Chapter 2 Proposal

2.1 Research topic

Although the data is readily available it is still not possible to infer insights and trends from this data by just looking at it. To make it useful and discernable for the public, we have decided to perform a thorough exploratory data analysis through interactive visualizations thus enabling us to infer valuable insights/information from the data available to us.

The columns we are planning to use are

YearStart (Year Start) / YearEnd (Year End) - Intend to merge these 2 columns to make a single column named “Year” as the values of YearStart and YearEnd is the same in every row
LocationAbbr (Location Abbreviation) - Short form abbreviations of the locations.

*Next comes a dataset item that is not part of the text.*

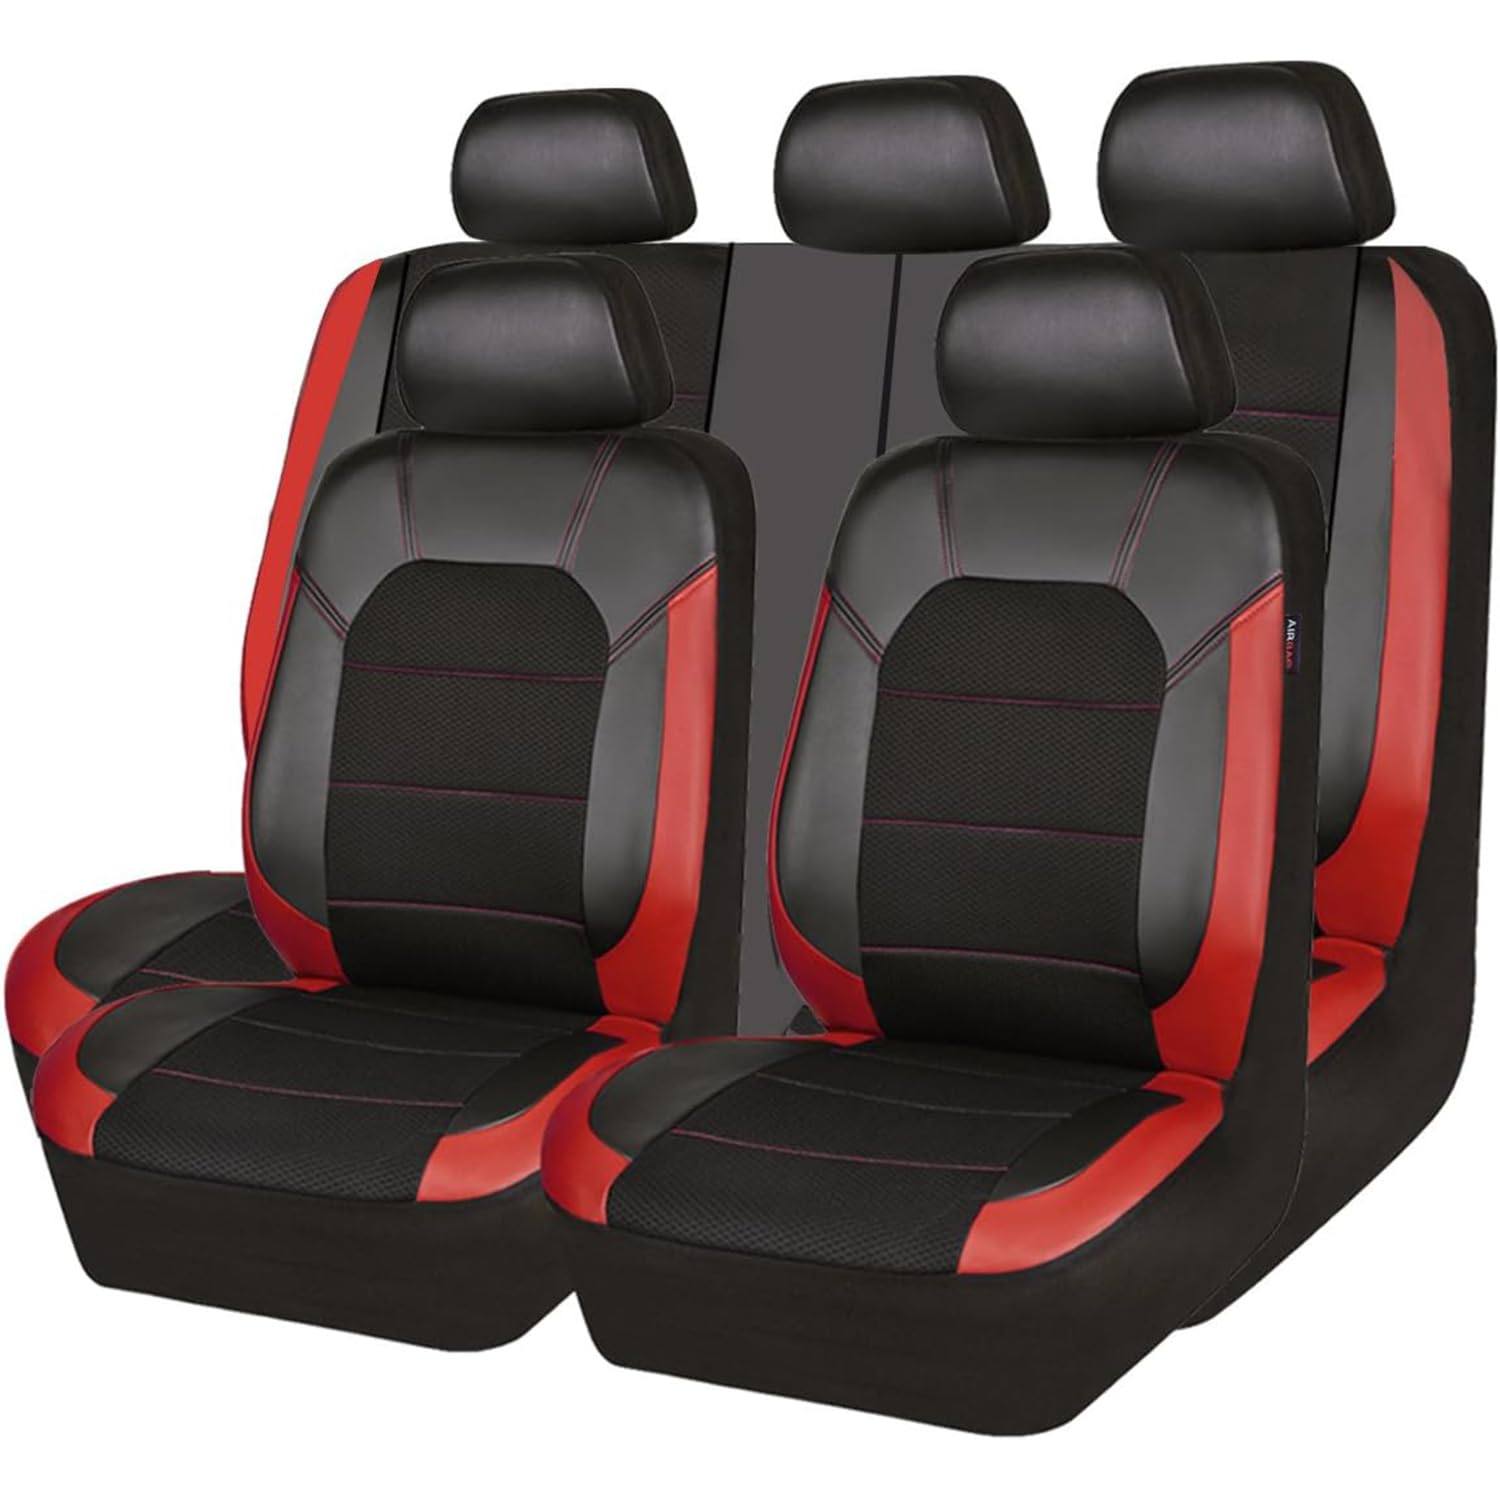 EXBERT Auto-Sitzbezug für Mercedes Benz M Class ML W166 W164 W163 SUV ML 250 / ML 300 / ML 350 / ML 400 / ML 450, 9-teiliges Set Sitzbezug Komplett-Set, PKW-Sitzbezüge, Sitzschoner 5 Sitzplätze,D von EXBERT

Useful for neat plots
LocationDec (Location description) - full forms of Location Abbreviations column
Data Source - Source from which the particular data point is collected
Topic - Name of the disease
stratification Category1 - consisting of race, ethnicity, overall categories
Stratification1 - The respective values of stratification Category1 column is contained in this column
GeoLocation - The geographic Location of the particular data point. Useful for Geospatial Analysis

Insights that can be potentially inferred or questions that we can potentially answer through analyzing the data:

Q - Spread of topic based on the geospatial data and location. can be done for every year to understand which locations are susceptible or improving with respect to a particular topic in each year.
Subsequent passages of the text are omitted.